Diviser le chiffre d’affaires mensuel cible par le nombre de jours effectivement facturables. Un mois compte rarement plus de 18 à 20 jours facturables une fois retirés les congés, les jours de prospection et les périodes d’inter-mission. Surestimer ce nombre de jours est l’erreur la plus fréquente dans le calcul du TJM.

Un consultant visant 3 000 euros nets mensuels avec un CA cible de 6 000 euros et 18 jours facturables aboutit à un TJM d’environ 333 euros. Ce montant reste dans la fourchette du TJM minimum viable identifié plus haut, ce qui confirme la cohérence de l’estimation.
Les limites d’une simulation rapide de salaire en portage
Les simulateurs en ligne fournissent une estimation utile, mais plusieurs variables échappent à leur modélisation. Les périodes d’inter-mission, pendant lesquelles aucun chiffre d’affaires n’est généré, ne sont pas toujours intégrées dans le calcul annualisé. Un consultant qui facture 10 mois sur 12 voit son revenu net annuel baisser de près de 17 % par rapport à une simulation fondée sur 12 mois pleins.

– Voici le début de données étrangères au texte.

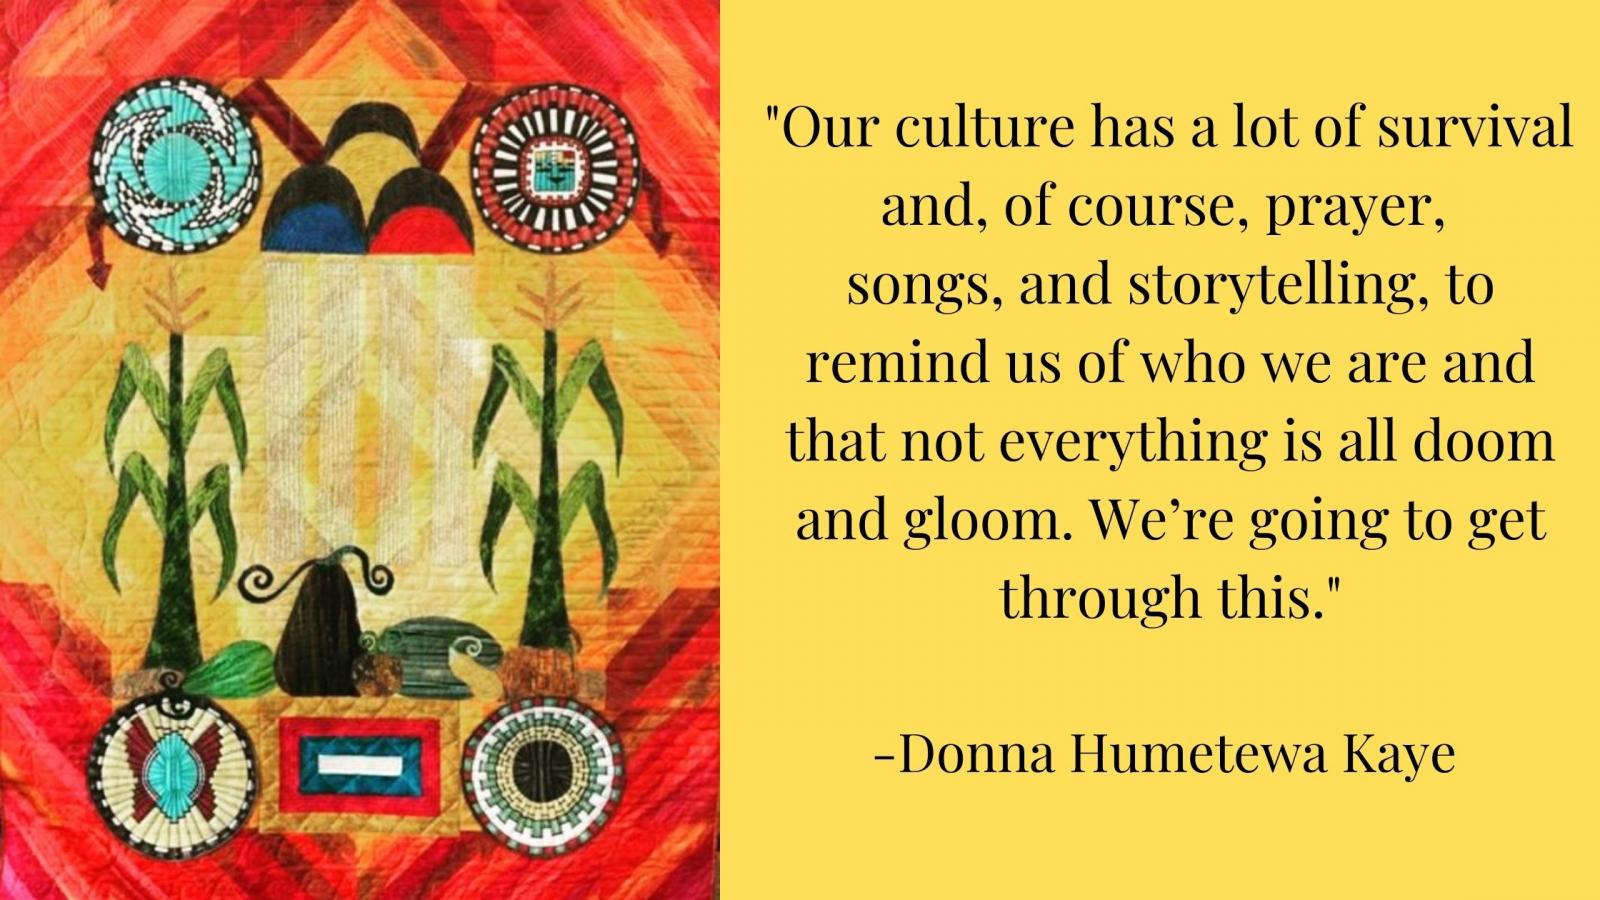 "Our culture has a lot of survival and, of course, prayer, songs, and storytelling, to remind us of who we are and that not everything is all doom and gloom. We’re going to get through this.” -Donna Humetewa Kaye

Les retours terrain divergent aussi sur le traitement des frais professionnels. Certaines sociétés de portage plafonnent la déduction à un pourcentage fixe du CA, d’autres acceptent les frais réels sans limite tant qu’ils sont justifiés. Le mode de gestion des frais professionnels peut faire varier le net de plusieurs centaines d’euros par mois.
La simulation reste un point de départ. Elle gagne en précision quand elle intègre le nombre réel de jours facturés sur l’année, le taux de frais de gestion effectif (services inclus compris) et une estimation réaliste des frais professionnels récurrents. Le bulletin de paie du premier mois d’activité fournit la donnée la plus fiable pour ajuster le TJM et recalibrer ses objectifs de rémunération.